----- SUPPLIED MATERIAL

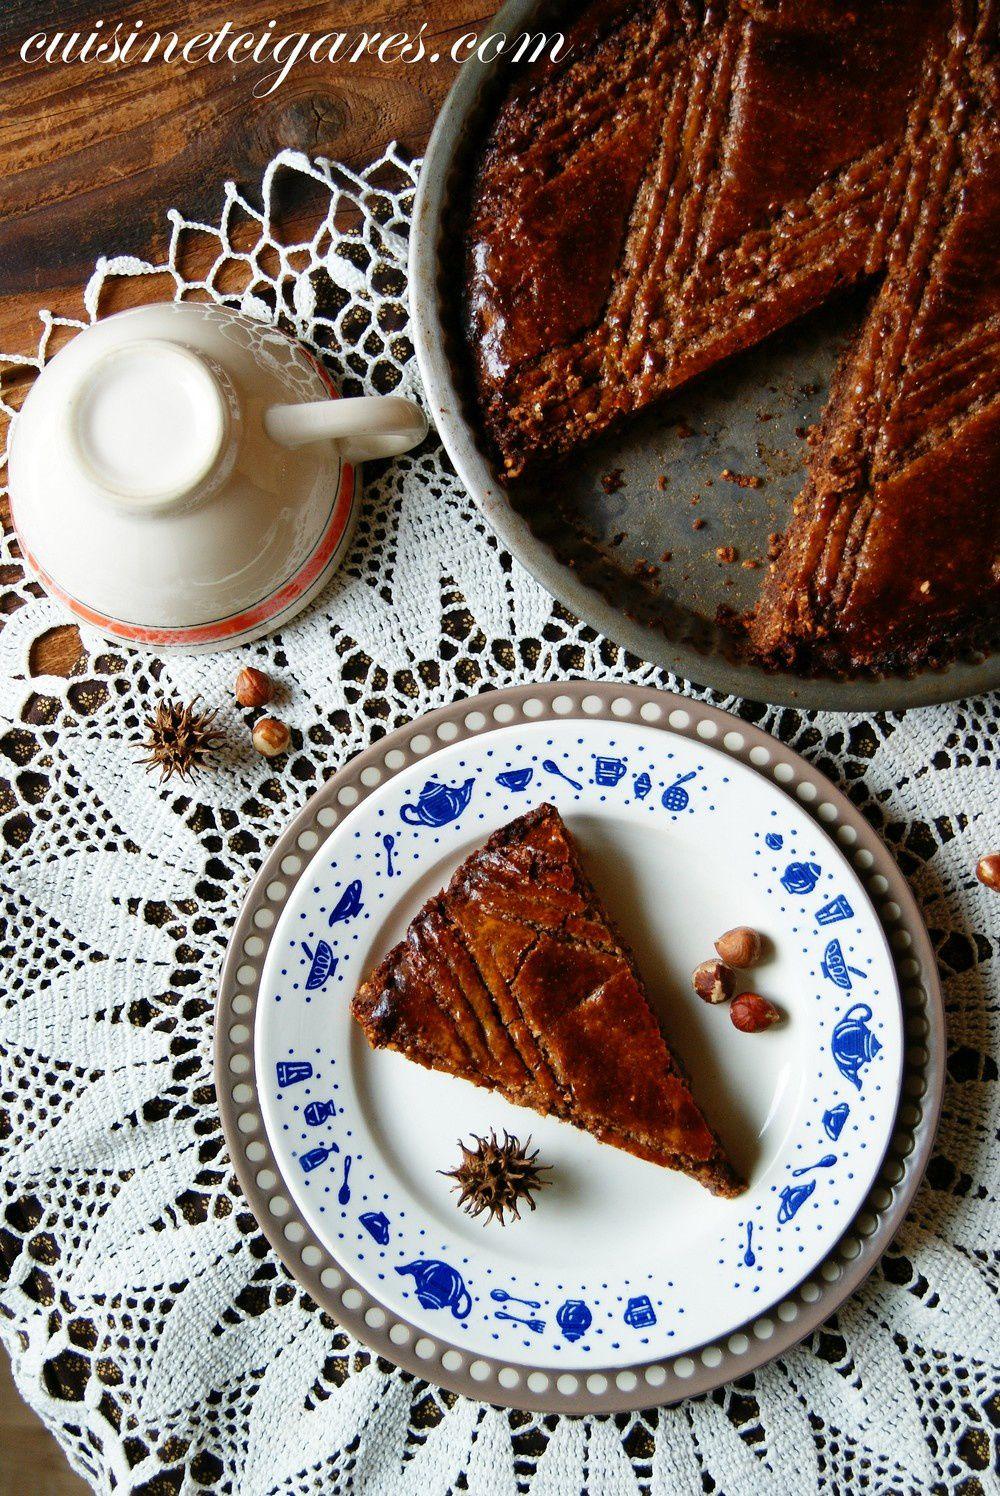 Une Galette... oui, mais pour tous les jours ! Bretonne, aux noisettes et au chocolat !
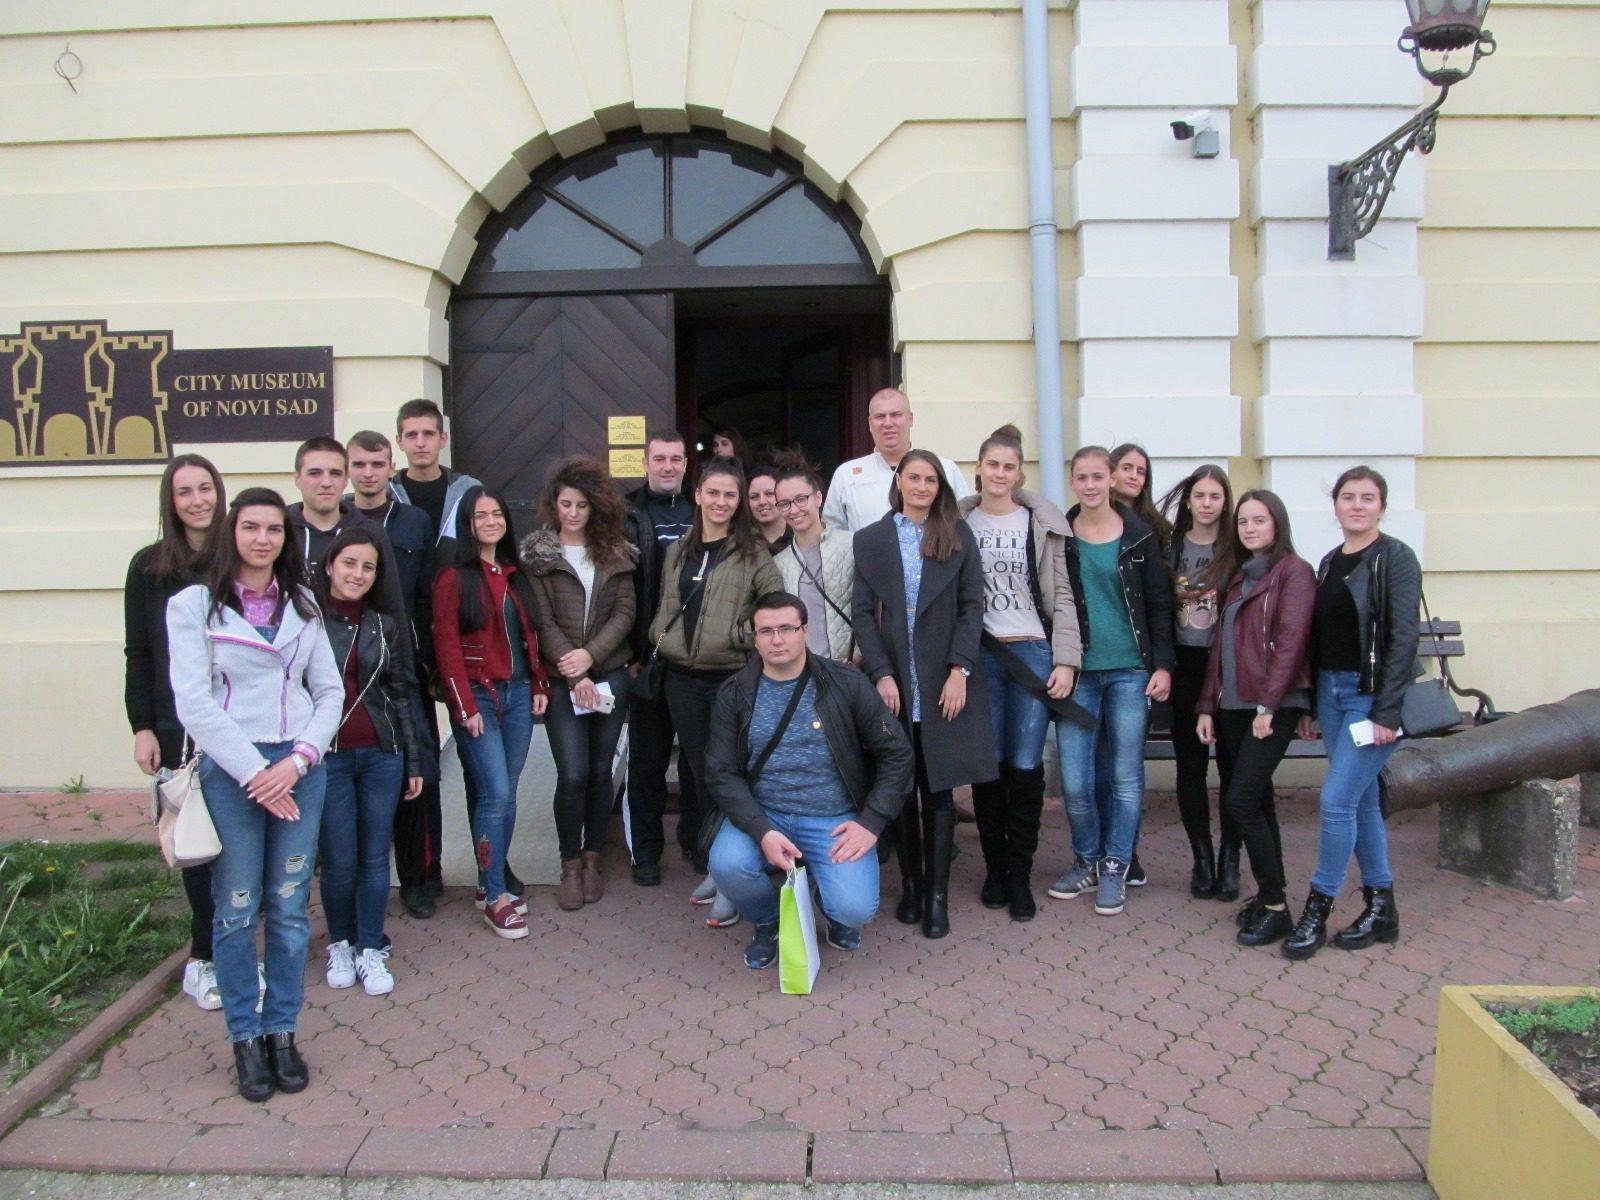 ТРАДИЦИЈА: Млади Херцеговци обишли Музеј града Новог Сада и подземне тунеле Петроварадинске тврђаве
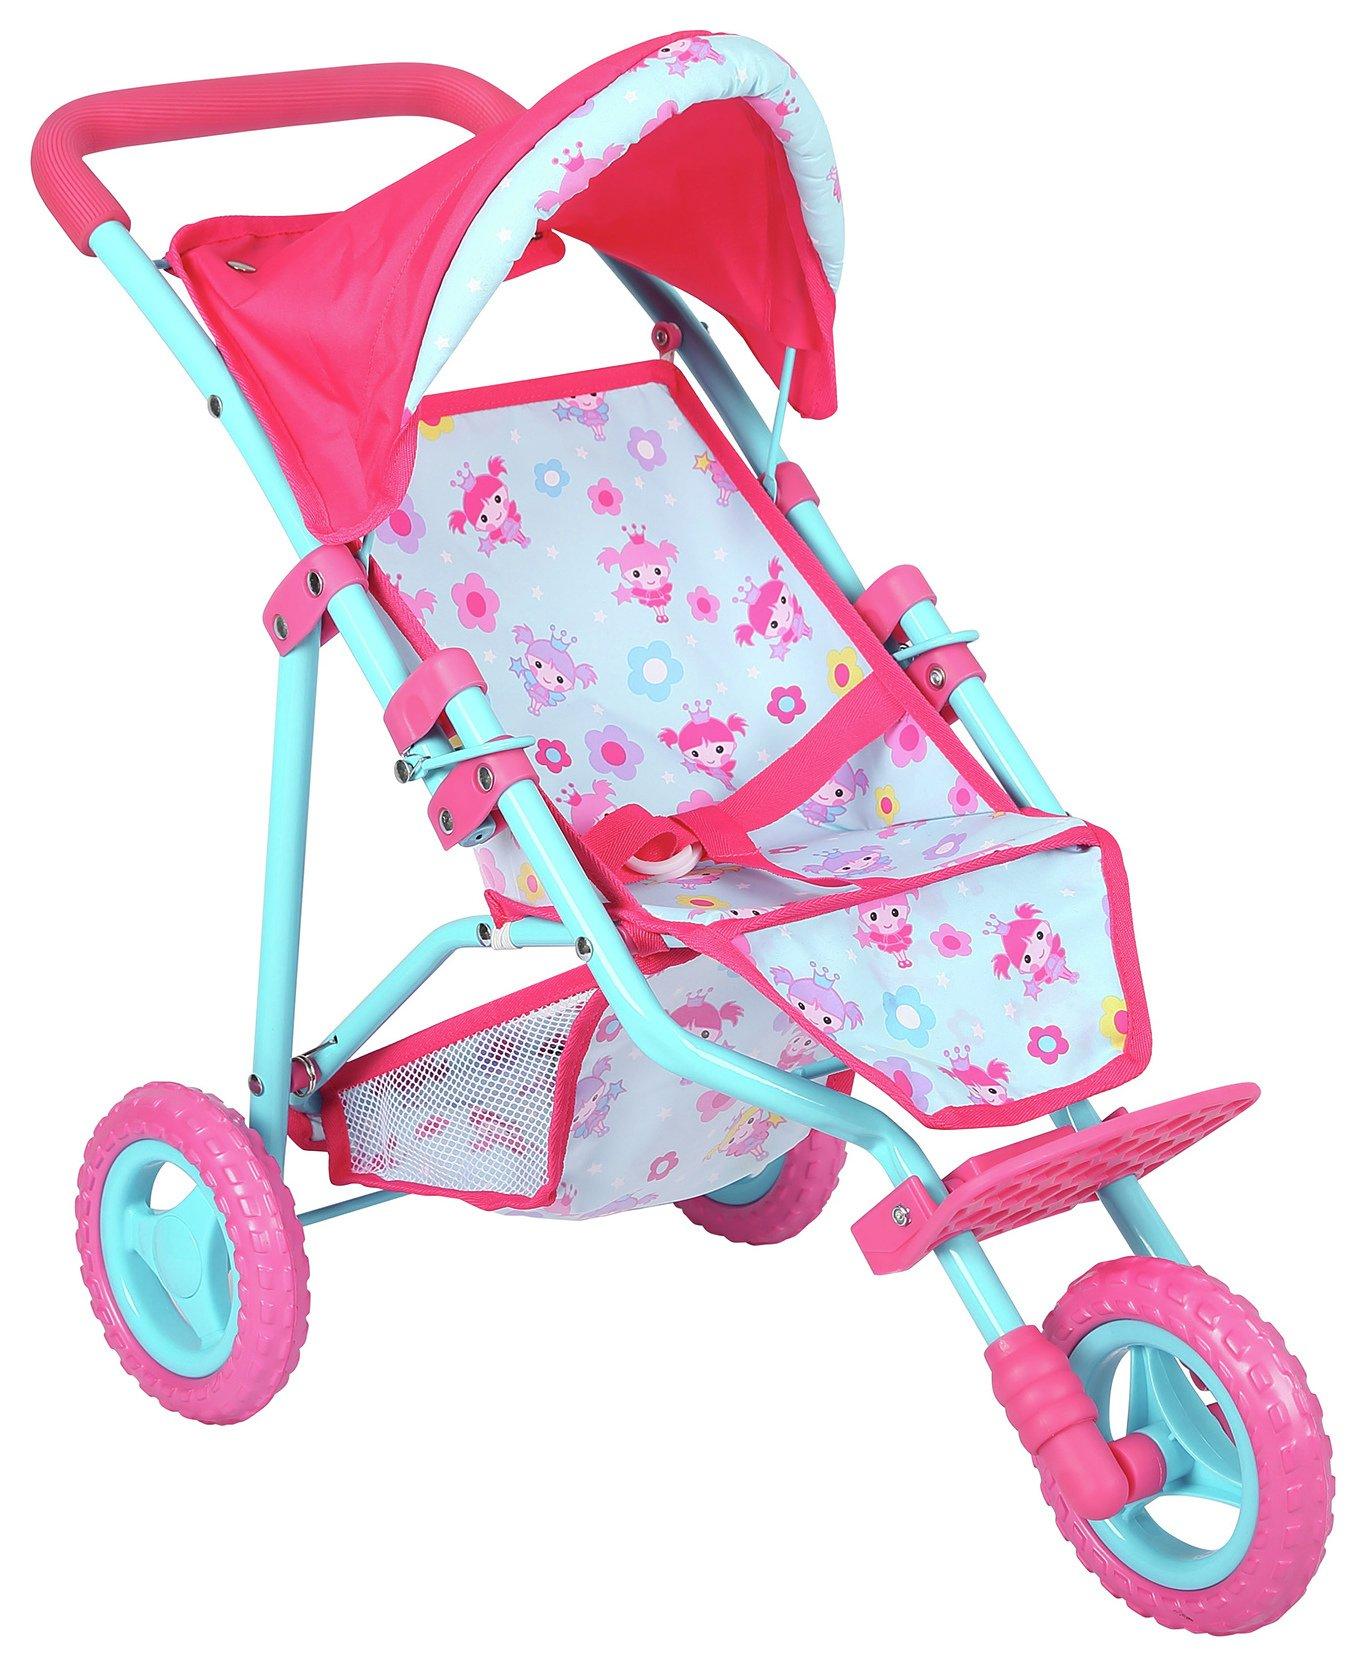 Image of Dollsworld Deluxe 3 Wheel Fold Stroller.

----------

Repeat the material line for line. Pictures stay out of the copy.

EXERCISE ANSWER
 Une Galette... oui, mais pour tous les jours ! Bretonne, aux noisettes et au chocolat !
 ТРАДИЦИЈА: Млади Херцеговци обишли Музеј града Новог Сада и подземне тунеле Петроварадинске тврђаве
 Image of Dollsworld Deluxe 3 Wheel Fold Stroller.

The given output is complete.